## [REQUIREMENT]
Copy the data that follows, character for character, minus the pictures.

## [EXERCISE DATA]
========================================================================

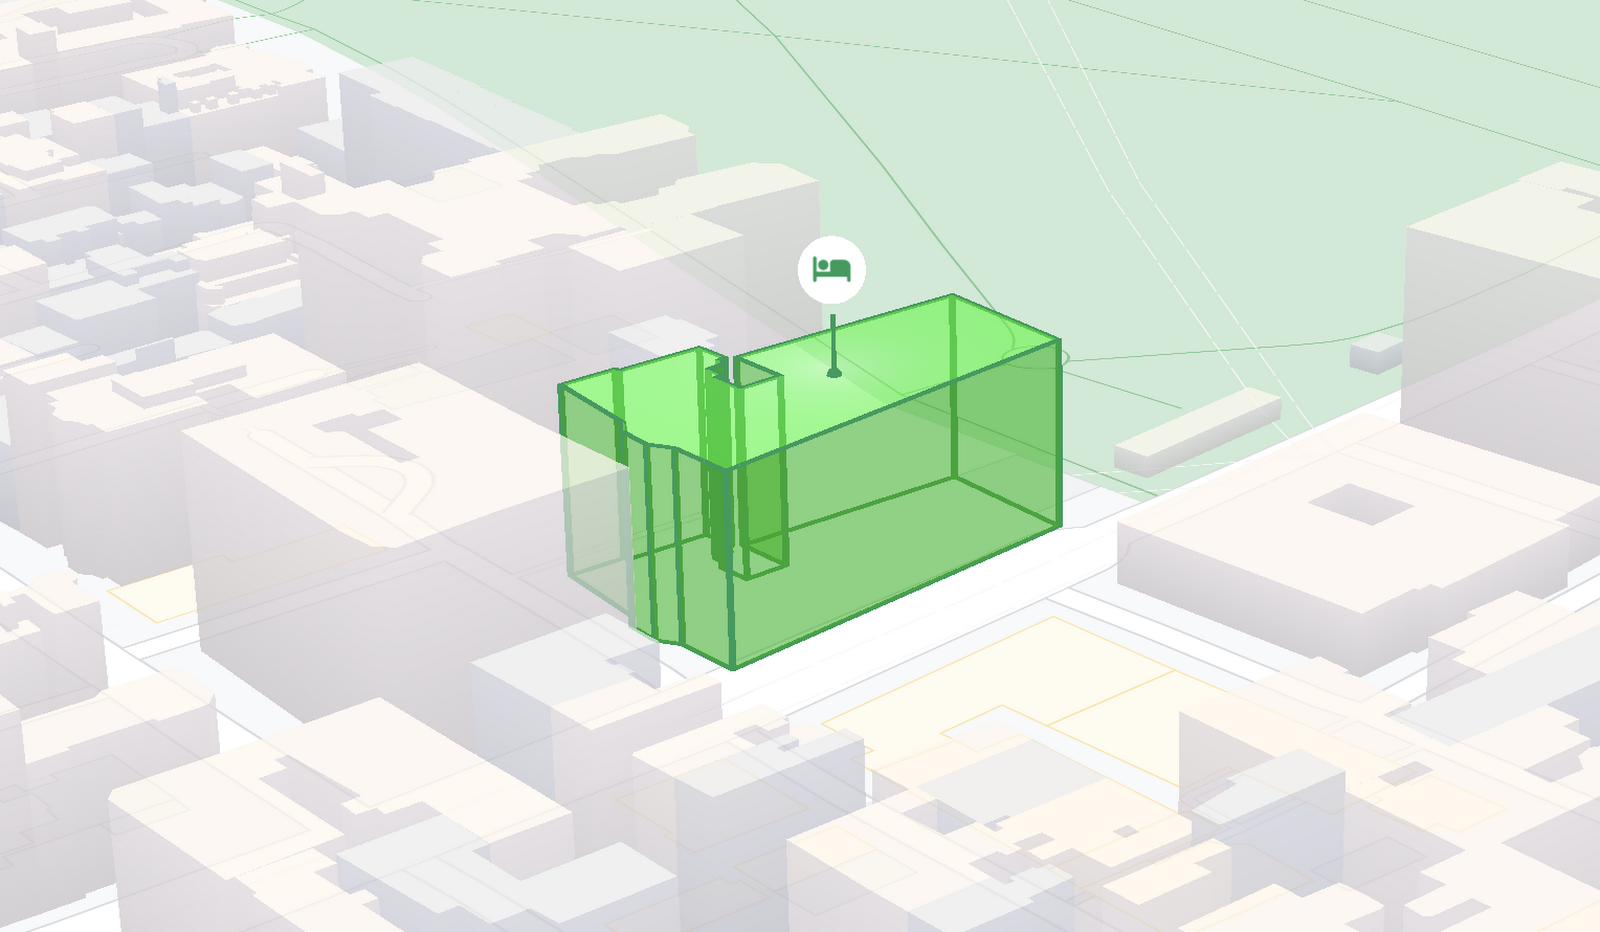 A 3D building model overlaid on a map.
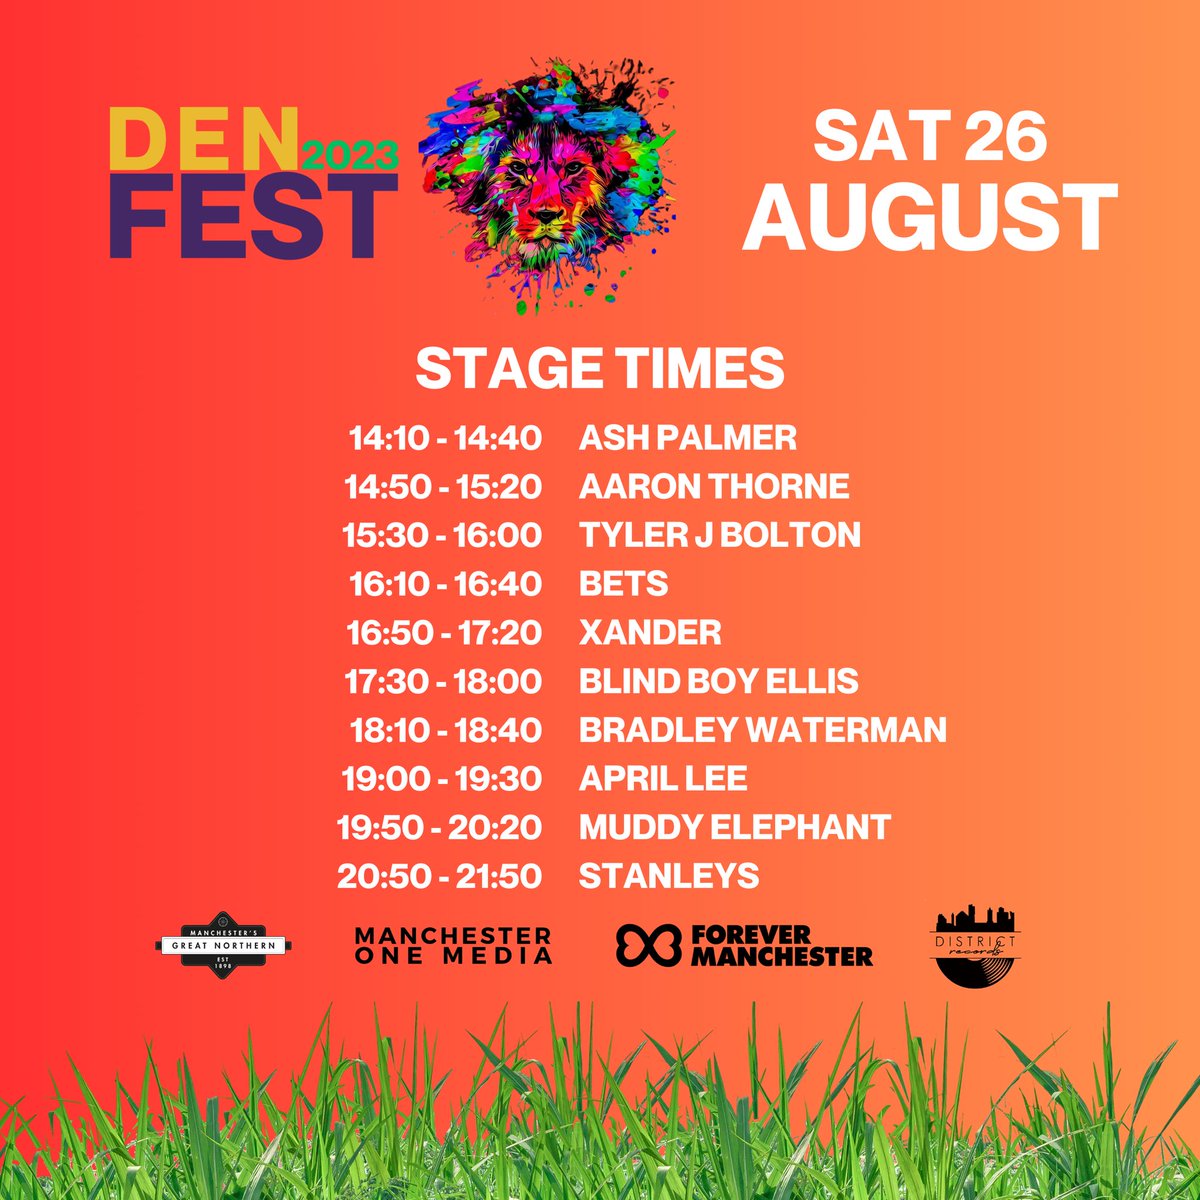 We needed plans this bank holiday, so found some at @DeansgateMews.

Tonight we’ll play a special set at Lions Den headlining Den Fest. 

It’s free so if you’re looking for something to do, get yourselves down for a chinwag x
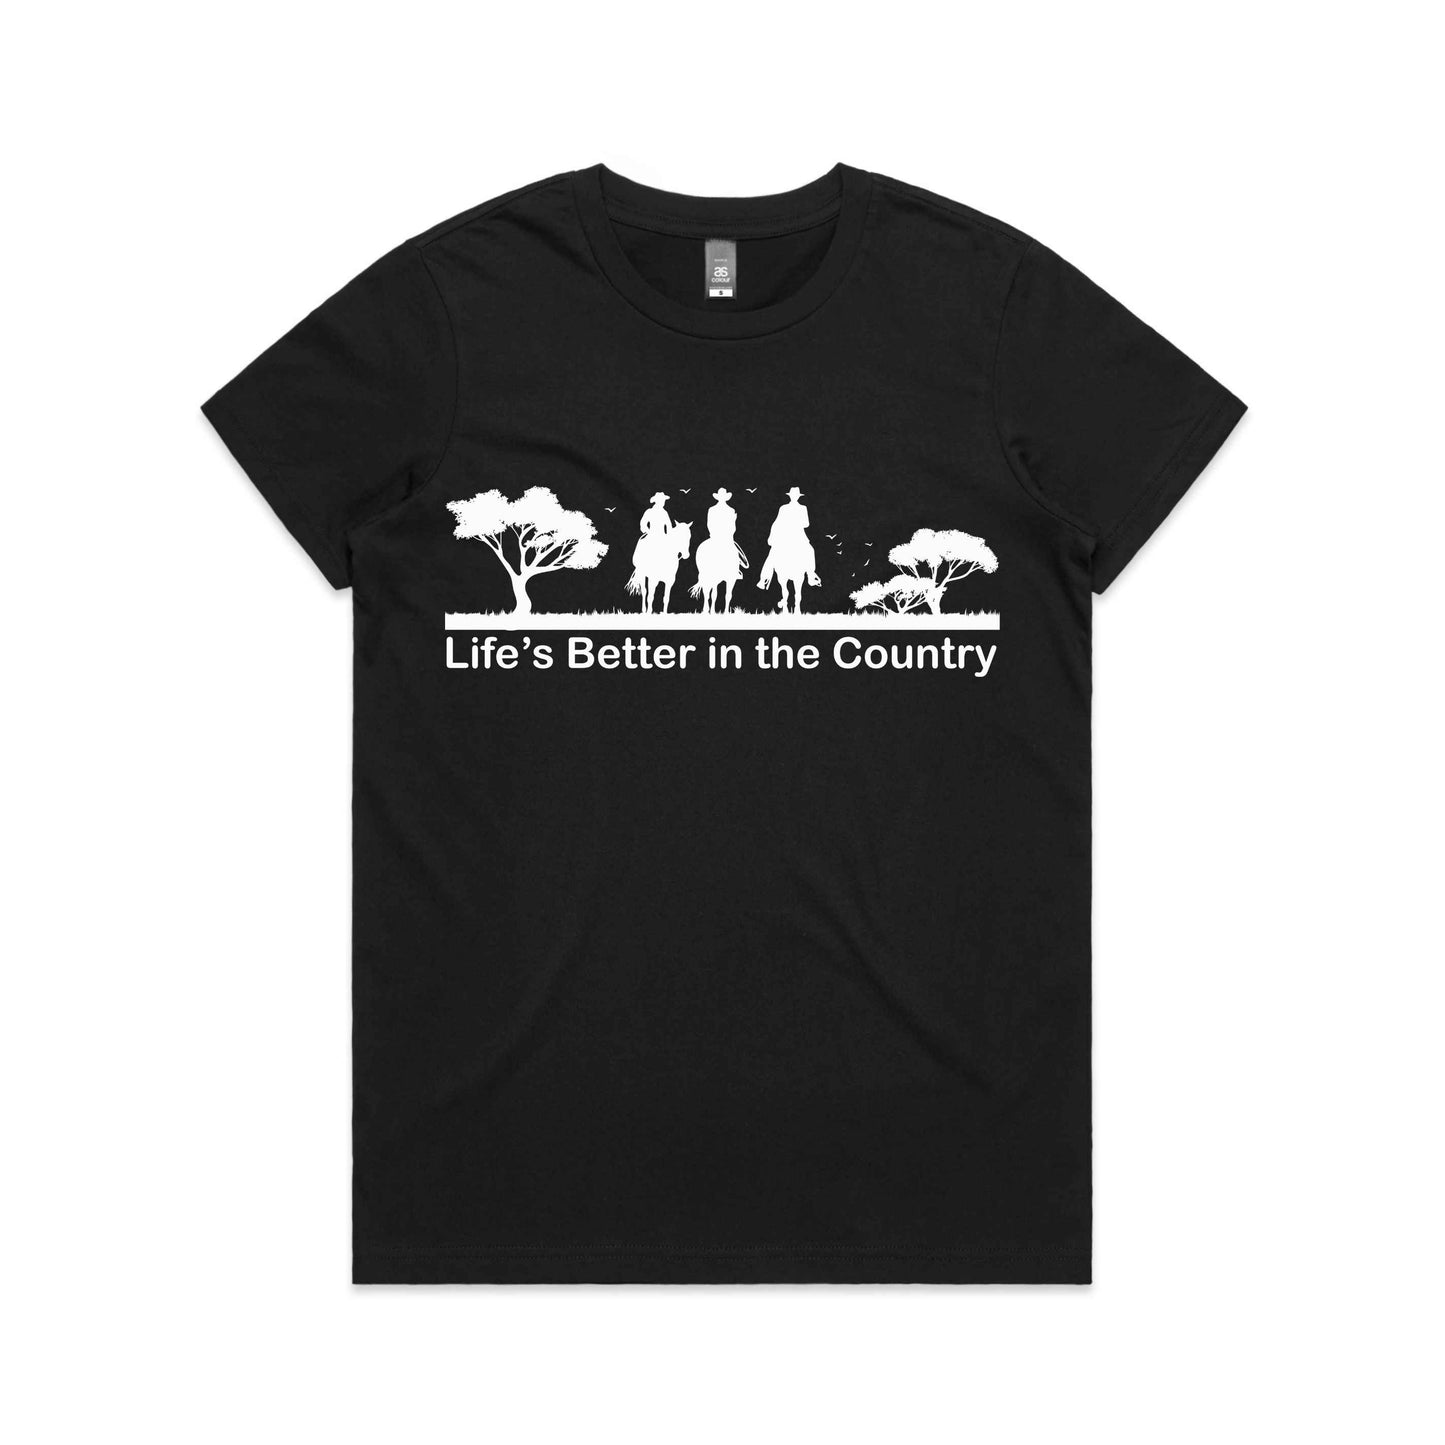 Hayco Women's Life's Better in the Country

========================================================================

## [RESPONSE TO THE TASK]
 A 3D building model overlaid on a map.
 We needed plans this bank holiday, so found some at @DeansgateMews.

Tonight we’ll play a special set at Lions Den headlining Den Fest. 

It’s free so if you’re looking for something to do, get yourselves down for a chinwag x
 Hayco Women's Life's Better in the Country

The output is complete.